What the exercise asks
Starting at the top of the entries below, set down each line exactly as written, and stop after the line containing "He44 Leeminho Kpop Star Film Sexy Papers Co".

------ Record extracts ------

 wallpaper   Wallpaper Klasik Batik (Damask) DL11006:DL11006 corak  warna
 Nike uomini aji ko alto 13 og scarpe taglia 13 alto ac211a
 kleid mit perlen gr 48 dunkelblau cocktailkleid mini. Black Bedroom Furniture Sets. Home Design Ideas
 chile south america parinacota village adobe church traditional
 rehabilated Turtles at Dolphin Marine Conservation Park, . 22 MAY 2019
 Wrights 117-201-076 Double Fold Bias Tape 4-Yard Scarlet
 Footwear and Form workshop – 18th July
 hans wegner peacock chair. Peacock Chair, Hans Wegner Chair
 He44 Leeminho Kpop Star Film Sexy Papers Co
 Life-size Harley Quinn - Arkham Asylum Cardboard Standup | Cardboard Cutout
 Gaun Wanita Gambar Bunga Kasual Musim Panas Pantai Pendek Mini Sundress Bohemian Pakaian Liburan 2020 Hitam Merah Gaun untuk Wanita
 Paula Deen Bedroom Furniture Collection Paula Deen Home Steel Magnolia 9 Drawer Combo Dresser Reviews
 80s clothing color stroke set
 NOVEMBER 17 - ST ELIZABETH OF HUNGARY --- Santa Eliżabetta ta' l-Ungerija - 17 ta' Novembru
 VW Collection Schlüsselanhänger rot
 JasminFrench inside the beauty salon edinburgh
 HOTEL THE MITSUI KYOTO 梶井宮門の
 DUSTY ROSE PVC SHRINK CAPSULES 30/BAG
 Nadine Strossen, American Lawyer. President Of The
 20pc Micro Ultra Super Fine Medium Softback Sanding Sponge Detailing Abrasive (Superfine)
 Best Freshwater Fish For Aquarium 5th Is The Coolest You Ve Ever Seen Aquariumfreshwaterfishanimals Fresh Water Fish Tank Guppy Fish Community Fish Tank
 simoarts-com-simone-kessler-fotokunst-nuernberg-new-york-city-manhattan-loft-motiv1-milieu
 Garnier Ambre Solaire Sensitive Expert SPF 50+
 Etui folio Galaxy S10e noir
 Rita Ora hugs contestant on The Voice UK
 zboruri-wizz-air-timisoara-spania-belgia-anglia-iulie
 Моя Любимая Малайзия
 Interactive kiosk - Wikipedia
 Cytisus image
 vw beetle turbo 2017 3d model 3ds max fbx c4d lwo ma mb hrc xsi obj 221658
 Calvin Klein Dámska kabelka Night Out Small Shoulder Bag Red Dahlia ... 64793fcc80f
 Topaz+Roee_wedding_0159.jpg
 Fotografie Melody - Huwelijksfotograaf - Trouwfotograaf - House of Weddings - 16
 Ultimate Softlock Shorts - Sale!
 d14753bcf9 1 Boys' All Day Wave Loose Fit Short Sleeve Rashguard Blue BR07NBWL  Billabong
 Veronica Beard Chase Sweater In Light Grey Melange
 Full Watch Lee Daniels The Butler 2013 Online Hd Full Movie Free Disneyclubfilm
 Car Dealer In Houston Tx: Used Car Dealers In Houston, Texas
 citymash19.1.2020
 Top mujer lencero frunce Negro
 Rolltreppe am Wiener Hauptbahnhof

------

Result below
 wallpaper   Wallpaper Klasik Batik (Damask) DL11006:DL11006 corak  warna
 Nike uomini aji ko alto 13 og scarpe taglia 13 alto ac211a
 kleid mit perlen gr 48 dunkelblau cocktailkleid mini. Black Bedroom Furniture Sets. Home Design Ideas
 chile south america parinacota village adobe church traditional
 rehabilated Turtles at Dolphin Marine Conservation Park, . 22 MAY 2019
 Wrights 117-201-076 Double Fold Bias Tape 4-Yard Scarlet
 Footwear and Form workshop – 18th July
 hans wegner peacock chair. Peacock Chair, Hans Wegner Chair
 He44 Leeminho Kpop Star Film Sexy Papers Co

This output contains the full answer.